◆ **Task item**:
Below this line is the material. Write out only its lines from the one containing "زفاف - 3D lace" through the one containing "Nome do produto: Camiseta", both kept, exactly.

◆ **Exercise materials**:

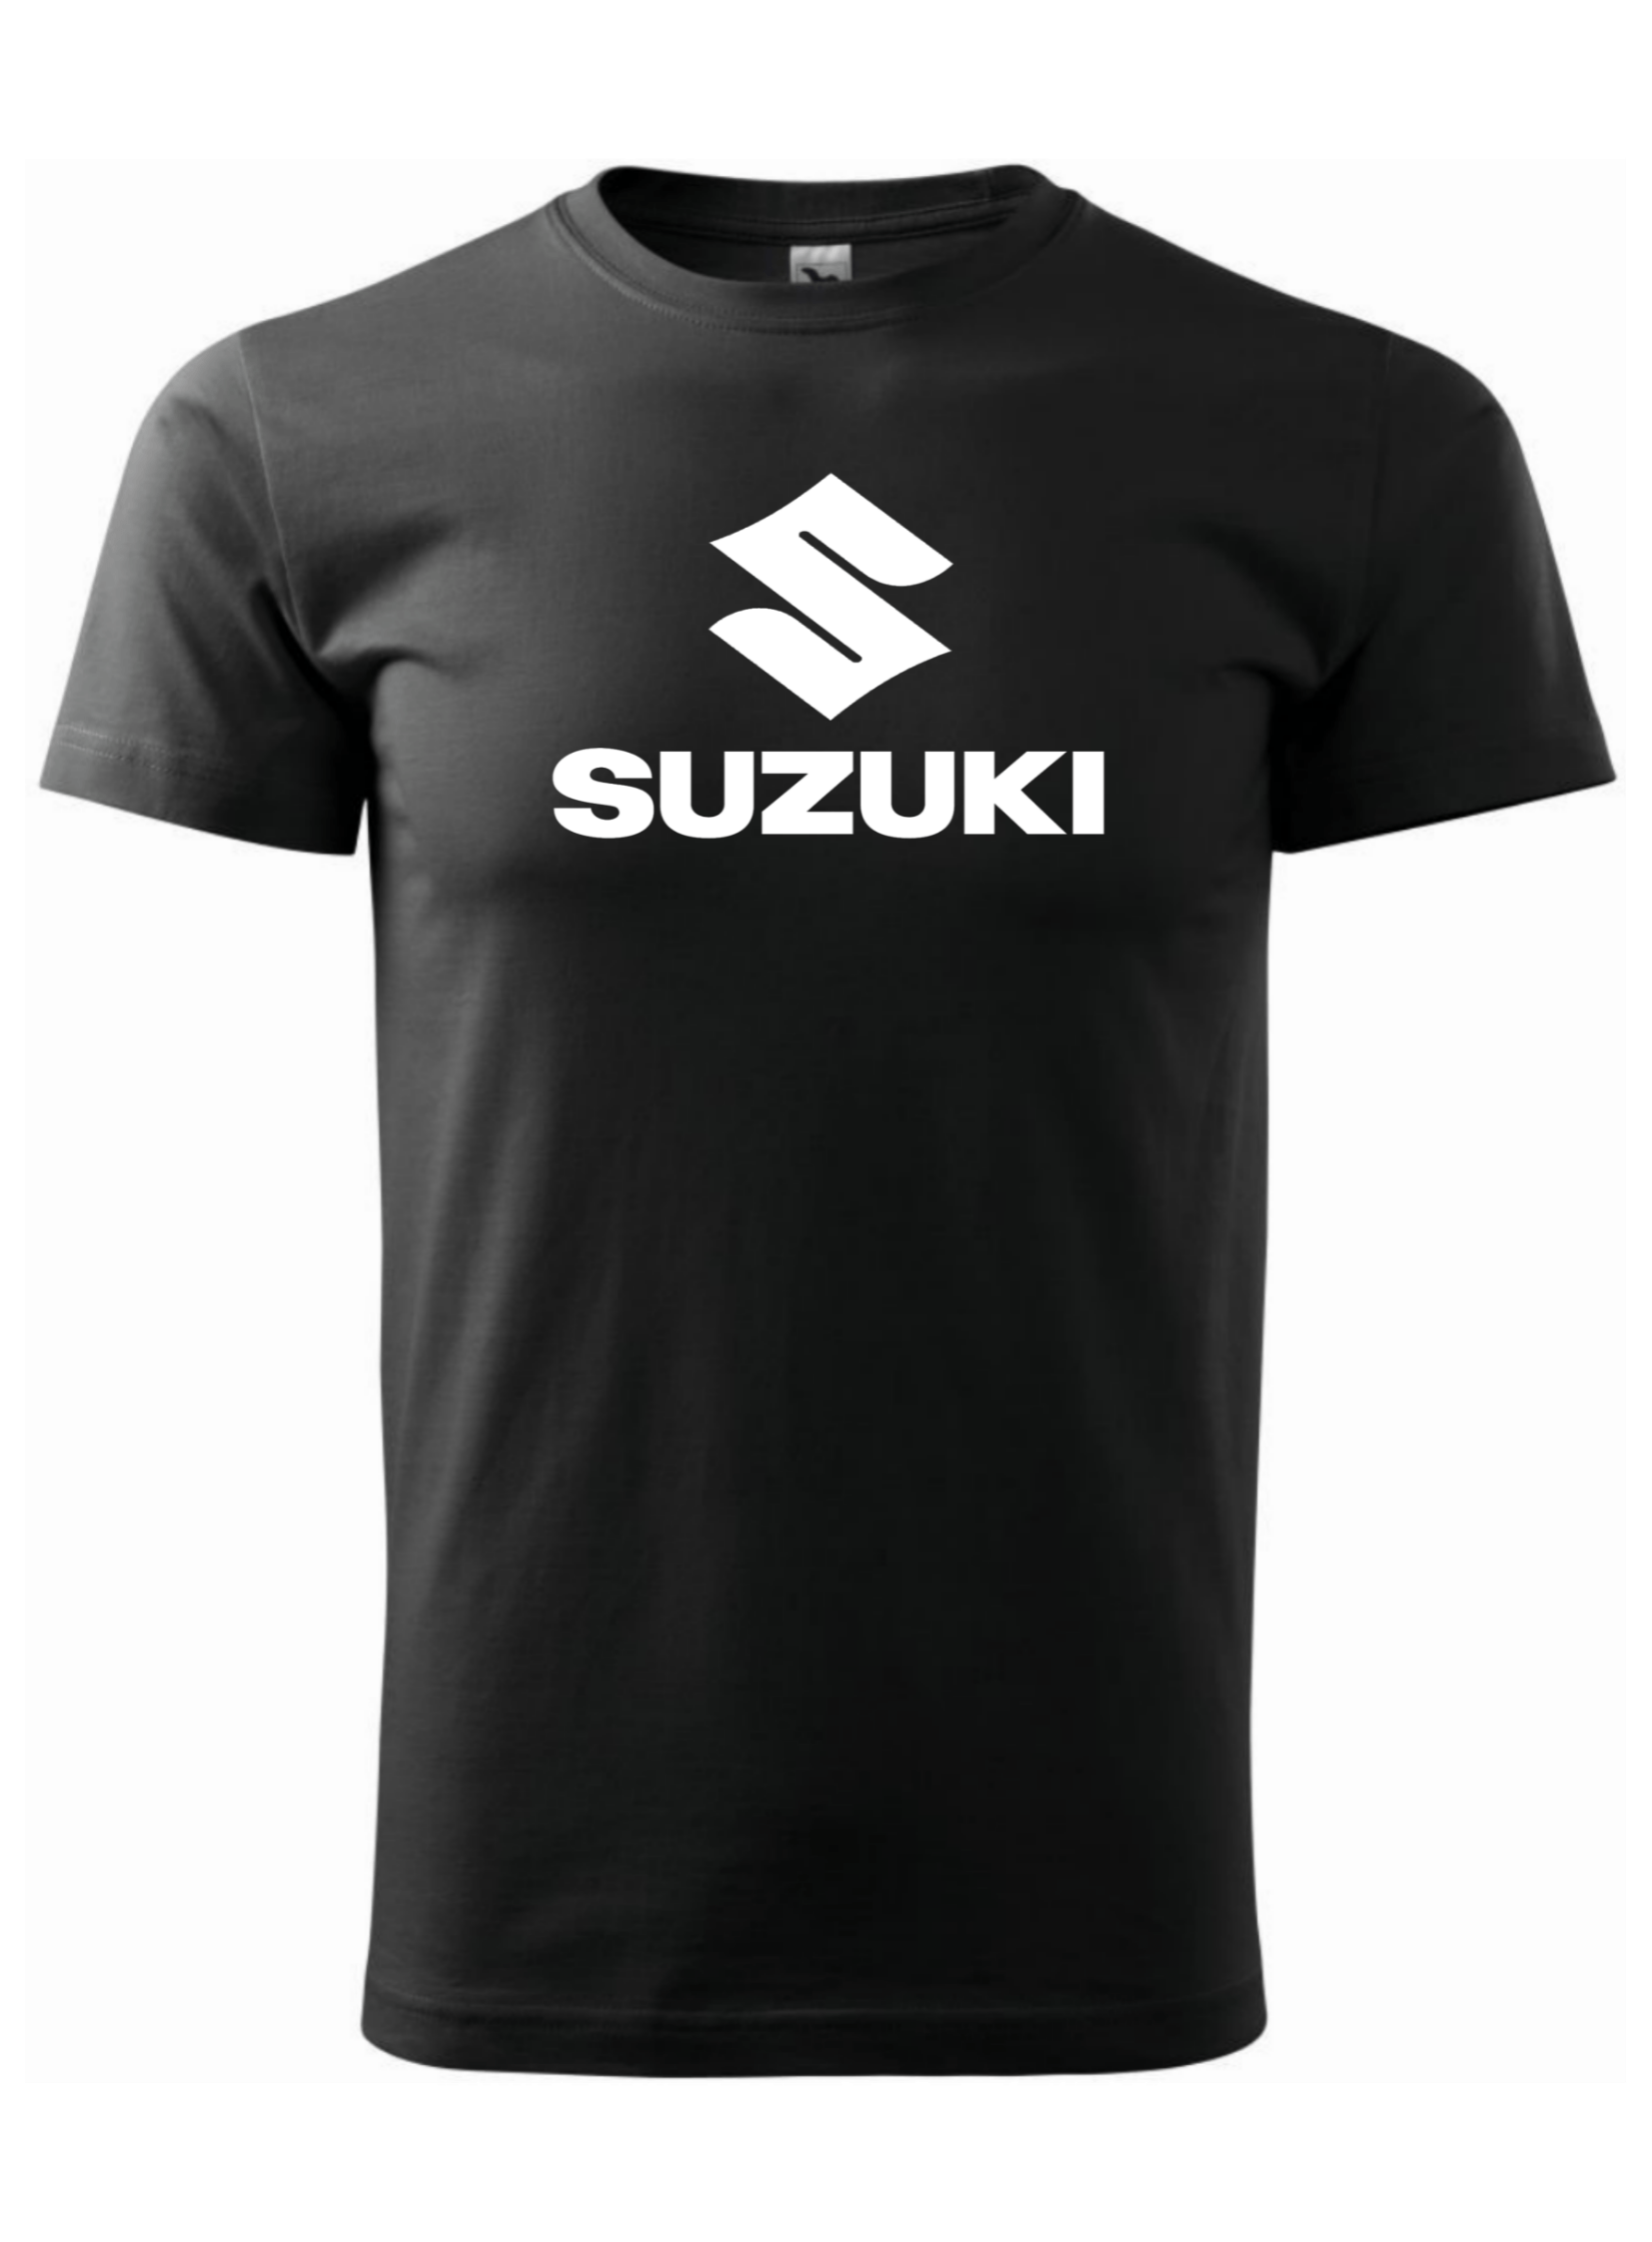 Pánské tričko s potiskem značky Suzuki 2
...
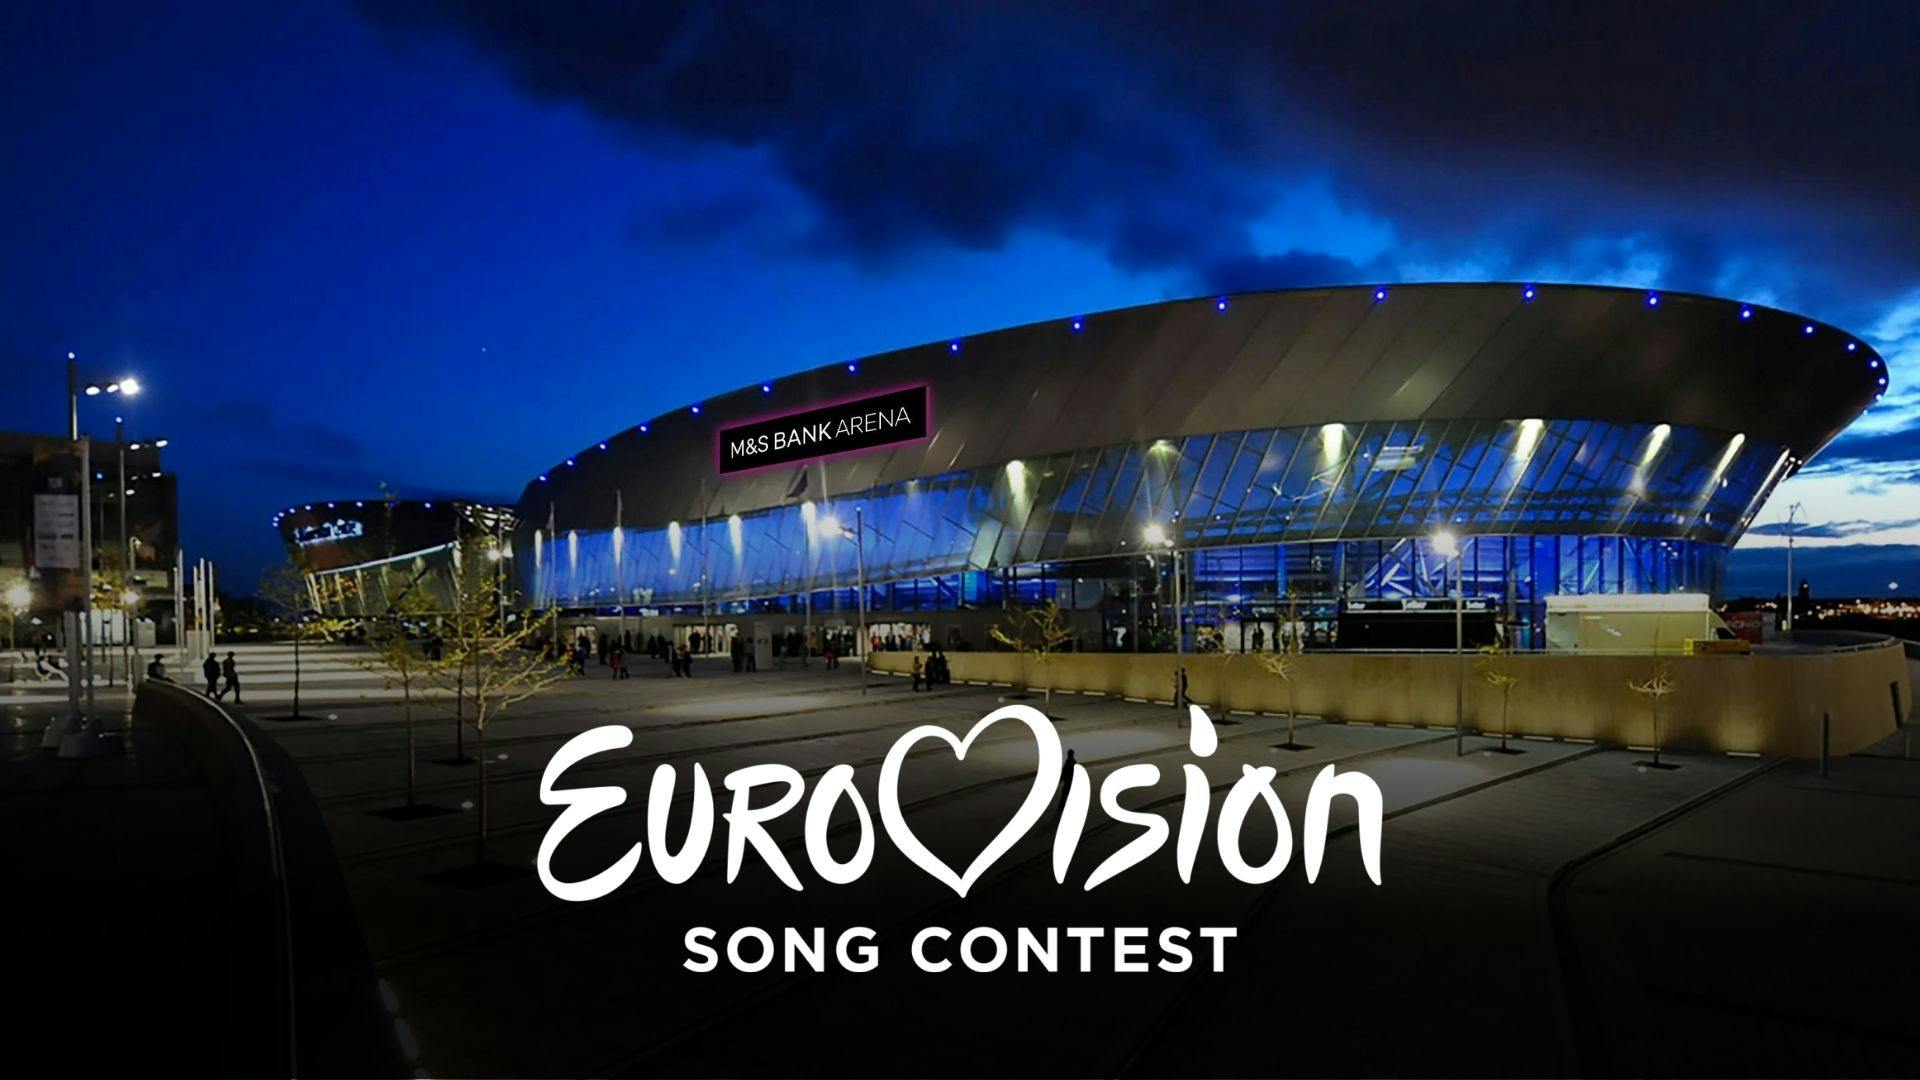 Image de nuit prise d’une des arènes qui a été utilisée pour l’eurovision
...
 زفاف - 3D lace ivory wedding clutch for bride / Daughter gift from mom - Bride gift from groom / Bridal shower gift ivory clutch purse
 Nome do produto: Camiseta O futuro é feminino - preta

◆ **Solved problem**:
 زفاف - 3D lace ivory wedding clutch for bride / Daughter gift from mom - Bride gift from groom / Bridal shower gift ivory clutch purse
 Nome do produto: Camiseta O futuro é feminino - preta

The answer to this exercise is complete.